Sales, profit fall at retailer American Eagle Outfitters
Despite a plunge in quarterly profit and continued struggles to boost sales, investors saw reason to celebrate the latest financial report from American Eagle Outfitters Inc.
They looked beyond those general indicators and focused on the struggling teen apparel retailer's progress in reducing inventory, expenses and markdowns — which led to a better quarter than the company and analysts had expected.
Prospects for a turnaround at South Side-based American Eagle remain hazy, analysts said, and company executives admitted they still have a lot of work ahead of them despite trying to sound upbeat.
“Although the second-quarter results were slightly ahead of our expectations, they do not reflect our potential,” interim CEO Jay Schottenstein said. “We did, however, make significant progress on our priorities to build higher profitability.”
American Eagle posted a profit of $5.8 million, or 3 cents a share, in the second quarter ended Aug. 2, down 70 percent from $19.6 million, or 10 cents a share, in the same period last year. Revenue was $711 million, down 2 percent, from $727 million a year earlier. Revenue dropped 7 percent at stores open at least a year, a key measure of a retailer's health.
Analysts had expected a break-even quarter on revenue of $689.7 million, according to data from Bloomberg.

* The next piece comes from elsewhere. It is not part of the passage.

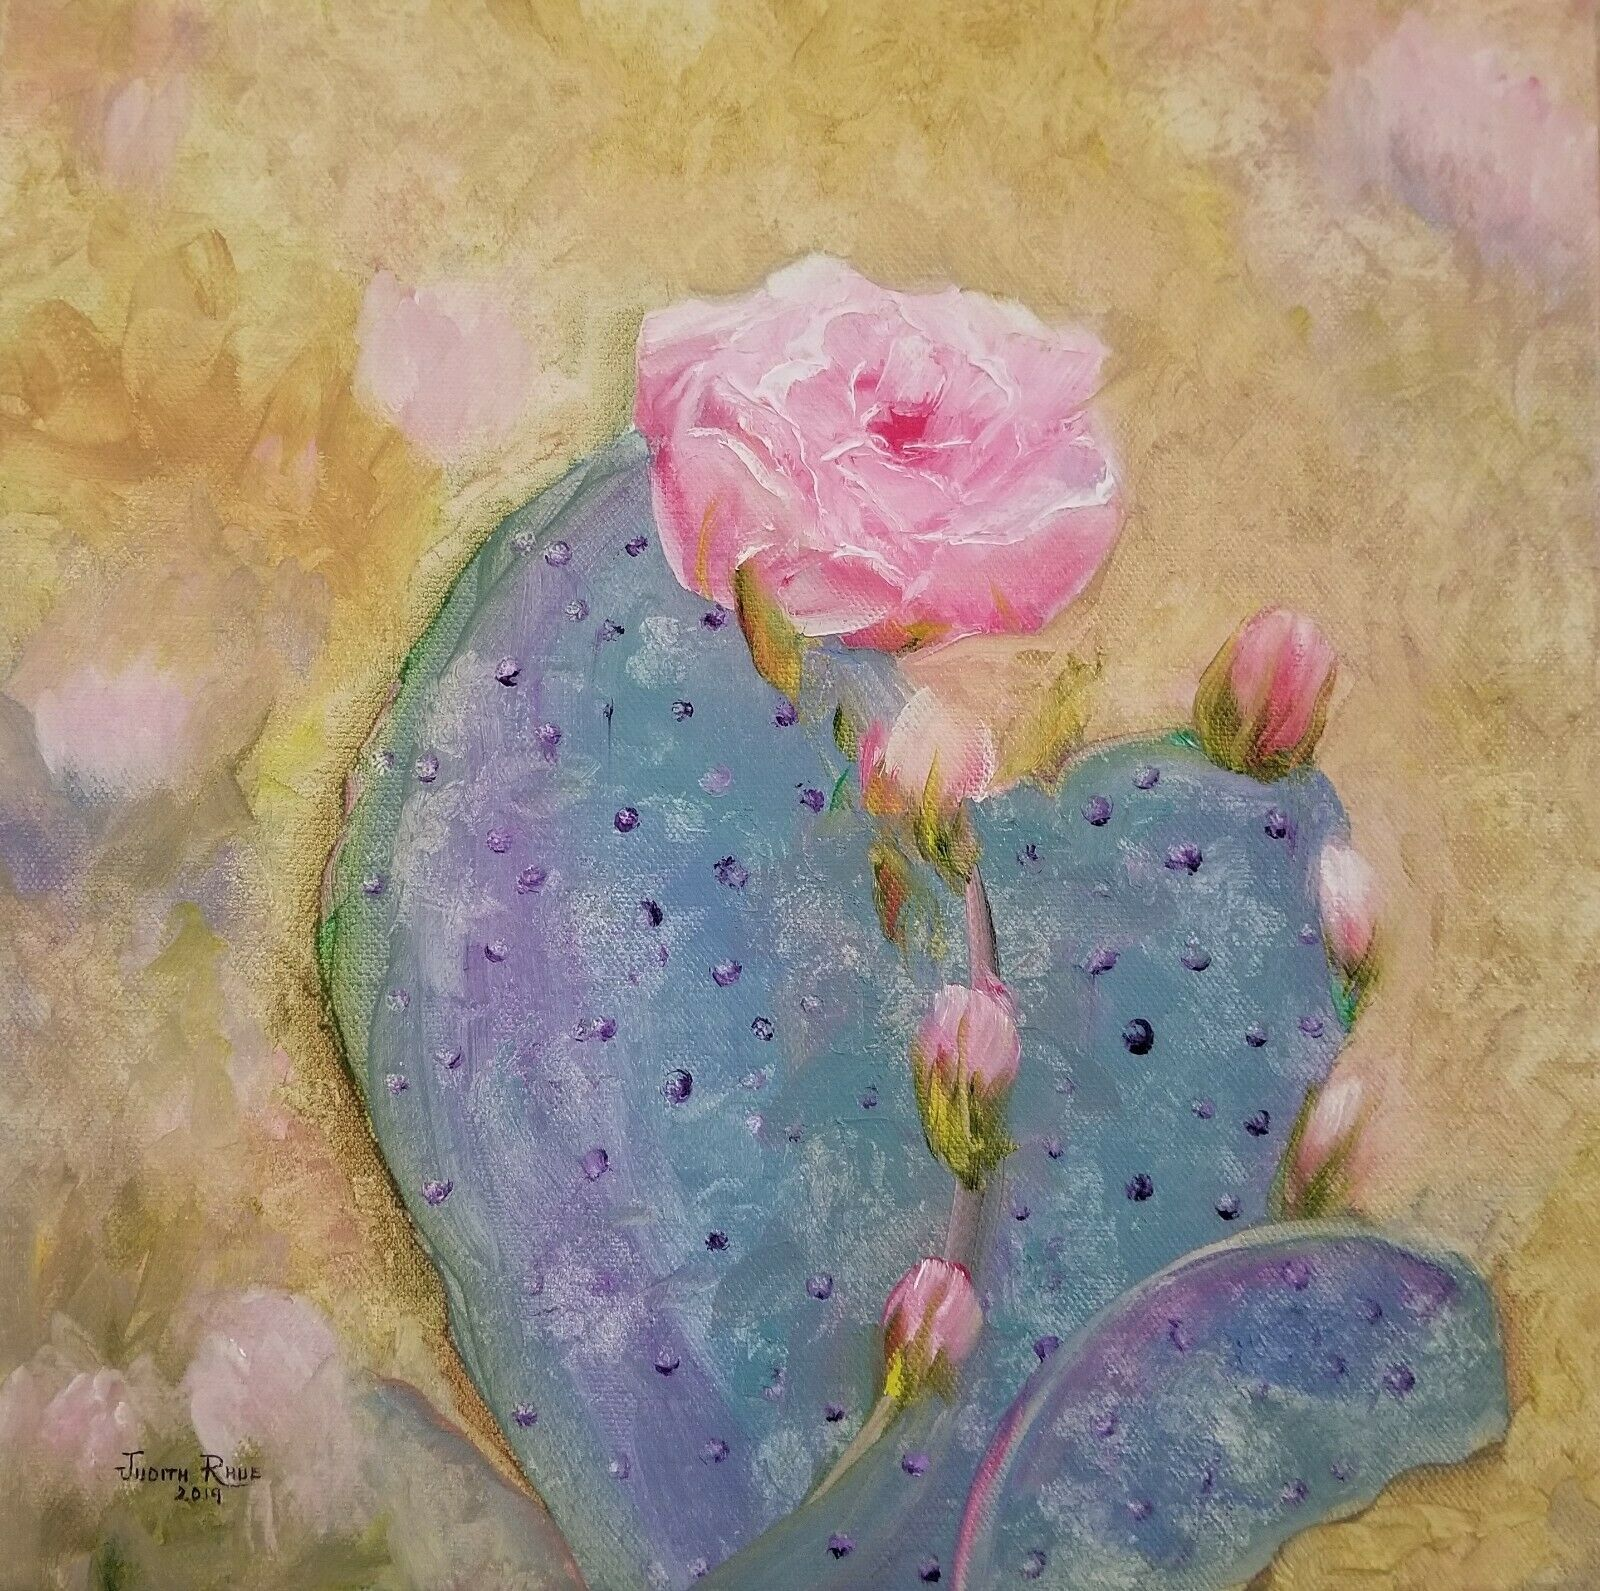 Original Oil Painting Cactus Prickly Pear Flower Desert Arizona Canvas Signed  - $300.00

The better-than-expected news sent the company's shares soaring 12 percent, or $1.39, to $12.98.
“Despite a recent uptick in sales and margin trends, we believe it is too soon to declare victory, and we lack visibility that these positive trends will continue,” Richard E. Jaffe, analyst with Stifel in New York said in a report. “We believe there is uncertainty surrounding both the merchandise turnaround and the CEO search.”
American Eagle fired CEO Robert Hanson in January after two years. The company was facing mounting pressure from competitors and weaknesses that have dogged retailers coming out of the recession. Schottenstein, who had been executive chairman and is the retailer's seventh-largest shareholder, is running the company while a search is under way for a permanent CEO.

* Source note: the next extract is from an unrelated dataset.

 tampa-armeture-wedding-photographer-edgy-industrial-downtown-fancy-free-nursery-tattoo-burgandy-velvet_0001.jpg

Under Schottenstein, the company has shuttered stores and made other changes to boost performance.
He and other executives said they accomplished goals that included clearing spring and summer inventories, delivering stable profit margins on merchandise, opening on schedule a fulfillment center in Hazleton, and initiating a national marketing campaign last week.
But expense cuts will continue, executives said. Growth in the retail sector has been stagnant for the past year.
“There are efficiencies to be found everywhere, including our stores,” Mary Boland, chief financial and administrative officer, told analysts on a conference call. “I would say a lot of focus here, though, does need to be on the overhead side, the corporate overhead side. As the company's revenue has been relatively flat, we need to continue to drive for actual reductions there.”
American Eagle employs about 500 at its South Side Works headquarters. A spokeswoman did not respond to a request for further details.
Last month, the retailer said it would shutter 150 AEO and aerie brand stores over three years because net income plummeted 86 percent in the first quarter. The company has about 950 stores in the United States. It closed five stores in the April-June quarter, and plans to close 27 AEO stores and 29 side-by-side AEO and aerie stores this year.